Alles klar, Frau Kommissar?
EU-Kommissarin Corina Cretu ist ein Drittel der Mitarbeiter abhandengekommen. Angeblich wegen ihrer Arbeitsweise.
Vor einem halben Jahr ist das Nachrichtenmagazin „Politico“in Brüssel an den Start gegangen. Erklärtes Ziel: die Berichterstattung aus dem Zentrum der EU-Politik durch investigative Berichte aufmischen, am besten angereichert mit Skandalen à la „House of Cards“, der US-Serie zum Macht-Poker im Weißen Haus. Die jüngste Geschichte sollte wohl beides haben.

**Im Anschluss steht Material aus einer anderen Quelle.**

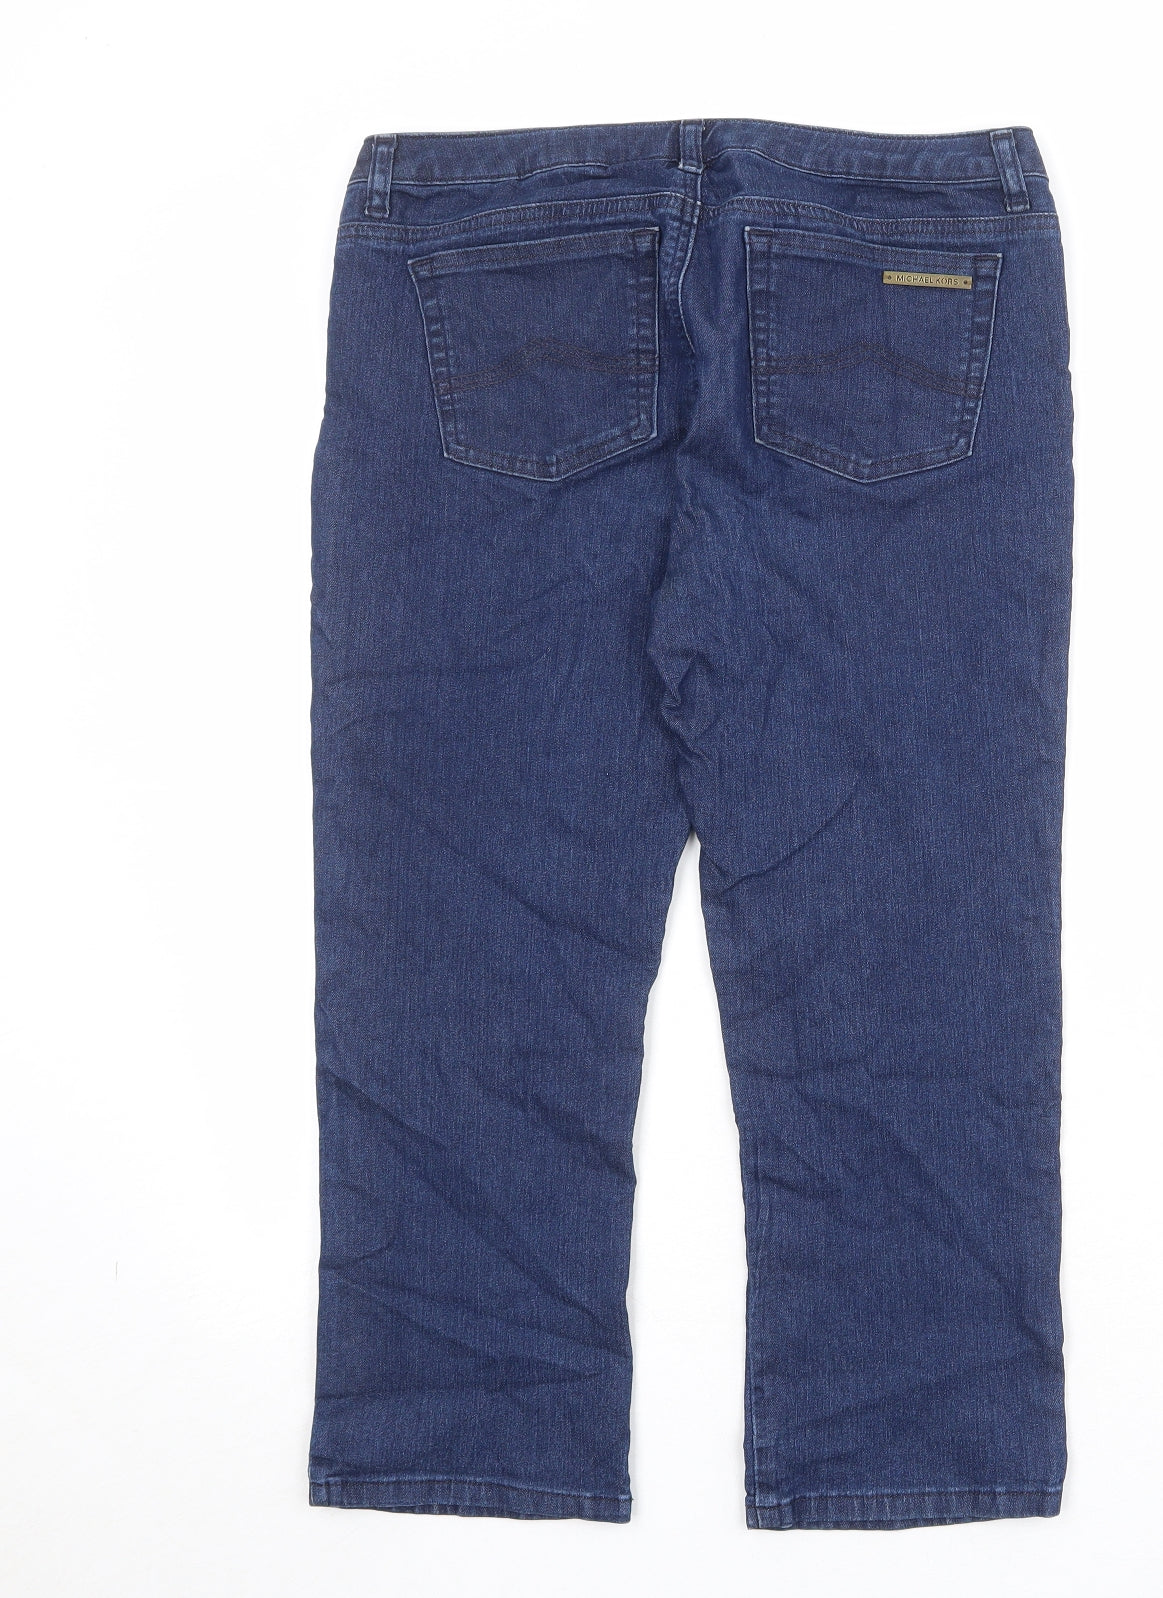 Michael Kors Womens Blue Cotton Straight Jeans Size 30 in Regular Zip

Wie „Politico“vergangene Woche berichtete, haben in ihrem ersten Dienstjahr rund ein Drittel der Mitarbeiter von Corina Cretu gekündigt. Das soll an der Arbeitsweise der rumänischen EU-Kommissarin liegen, wie das Magazin online berichtete. Viele Mitarbeiter hätten diese nicht mittragen wollen. Dem Bericht zufolge würde Cretu keine Termine auf Freitag legen und auch grundsätzlich nicht vor 10 Uhr am Vormittag. Sie sei kein Morgenmensch, soll sie gegenüber einem Mitarbeiter gesagt haben, der namentlich nicht genannt wird.
Zudem würde die Kommissarin Termine rund um das Wochenende gern mit Kurzurlauben oder Heimaturlaub kombinieren. Ein Vorwurf, den sich auch andere Kommissare schon gefallen lassen mussten. Pierre Moscovici legt Termine in Paris etwa gern auf Montag oder Freitag.

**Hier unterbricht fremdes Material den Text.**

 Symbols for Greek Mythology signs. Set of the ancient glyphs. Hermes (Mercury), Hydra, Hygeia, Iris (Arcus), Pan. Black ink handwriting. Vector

Die Kommission ging auf die Vorwürfe gegen Cretu gar nicht ein. Man wolle den Pressesaal der Kommission nicht in eine Gerüchteküche verwandeln, sagte ein Sprecher mit dem Hinweis, dass niemand namentlich solche Vorwürfe geäußert habe. Cretu sei ein wertvolles Mitglied der Kommission. Ein Bild, um das sich die Rumänin nun auch selbst bemüht.

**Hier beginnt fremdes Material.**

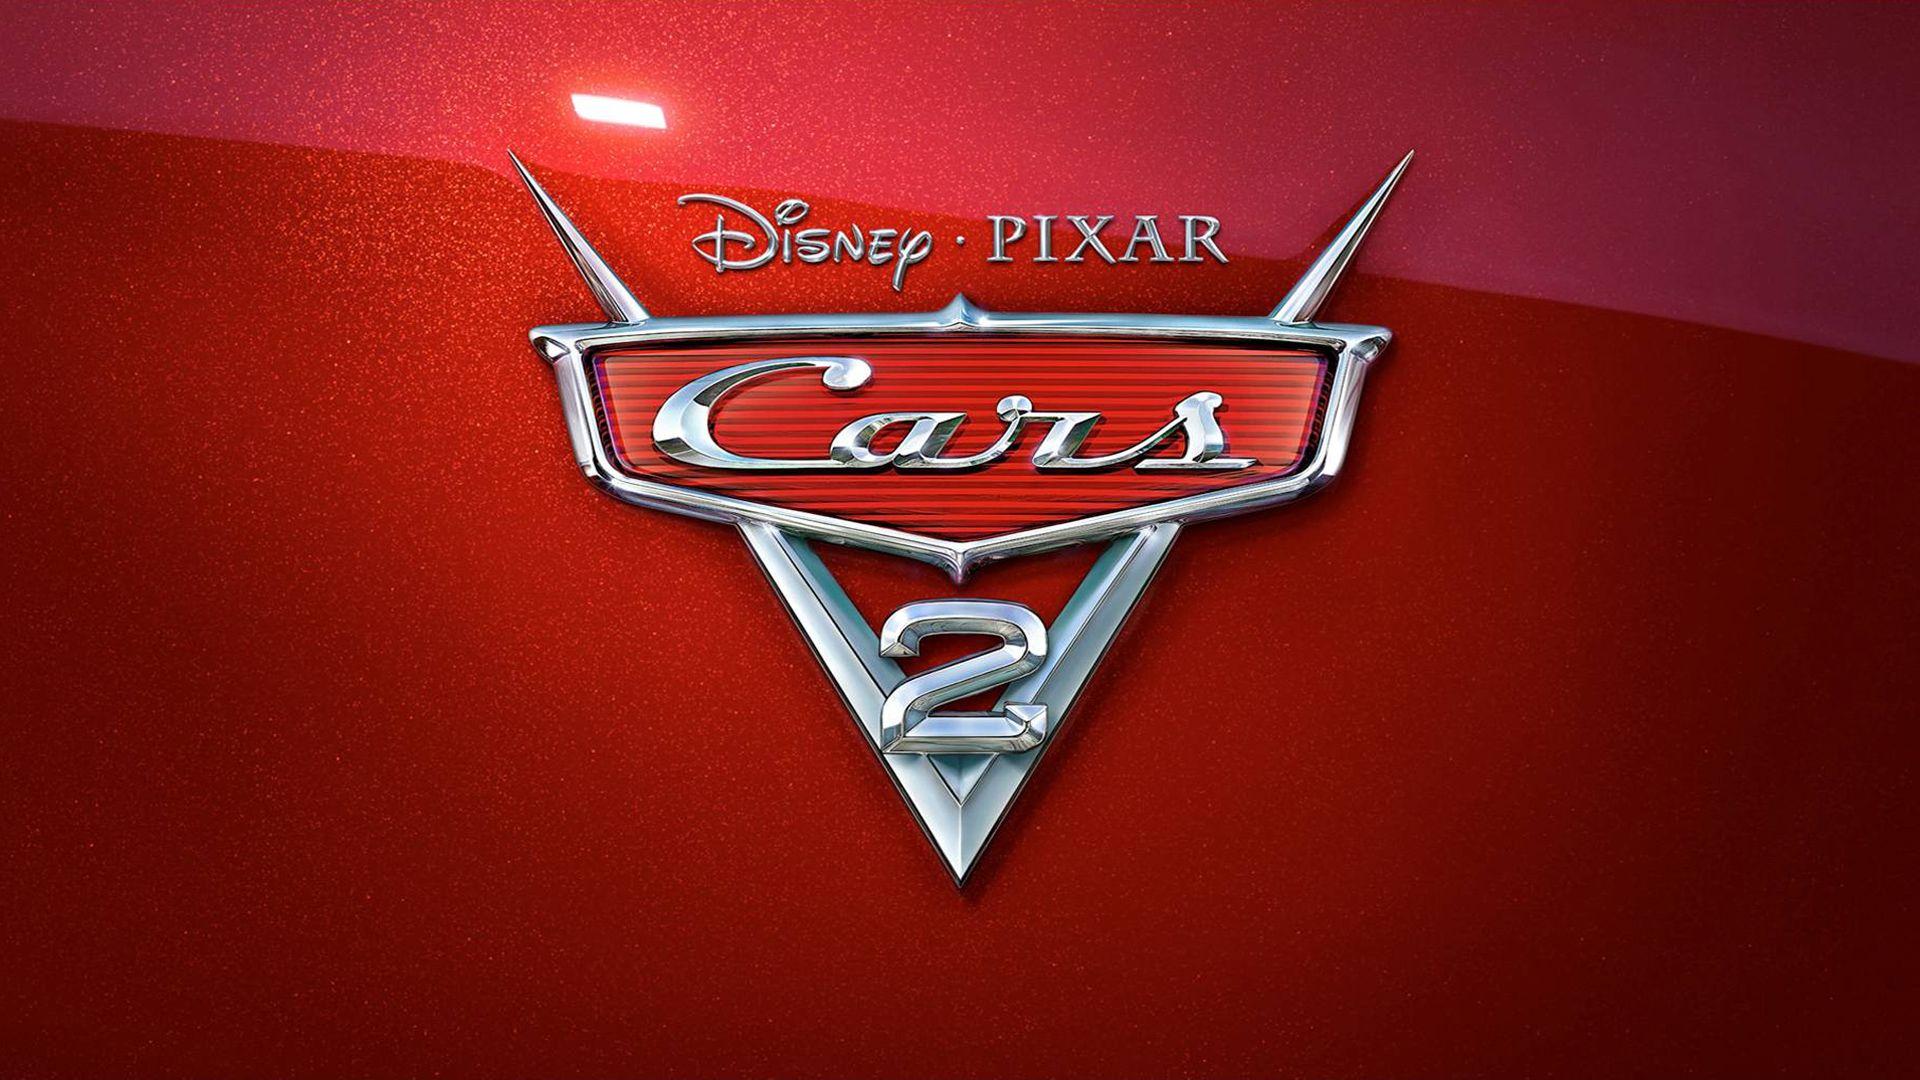 disney pixar cars logo movie wallpaper

Die Anschuldigungen im „Politico“-Bericht basieren auf Gesprächen mit ehemaligen Mitarbeitern der Kommissarin und einem Aus- zug aus ihrem persönlichen Terminkalender, der dem Magazin vorlag. Die Redakteure hätten aber besser ihren Jahreskalender angesehen, ging Cretu nun in die Verteidigung. Seit ihrem Amtsantritt habe sie in der Funktion als Kommissarin für Regionalpolitik 24 Länder besucht, mehr als 40 regionale Spitzenpolitiker getroffen und in zehn Debatten im Europaparlament teilgenommen. Personelle Änderungen im Team seien in den Kabinetten der Kommissare zudem keineswegs ungewöhnlich. Vor allem nicht im ersten Jahr, wenn viele erkennen würden, wie viel Arbeit sie tatsächlich erwartet.
Wie viel Arbeit die Kommissare haben, können Bürger zumindest in Auszügen online nachvollziehen. Offizielle Termine sind auf der Seite jedes Kommissars unter ec.europa.eu aufgelistet.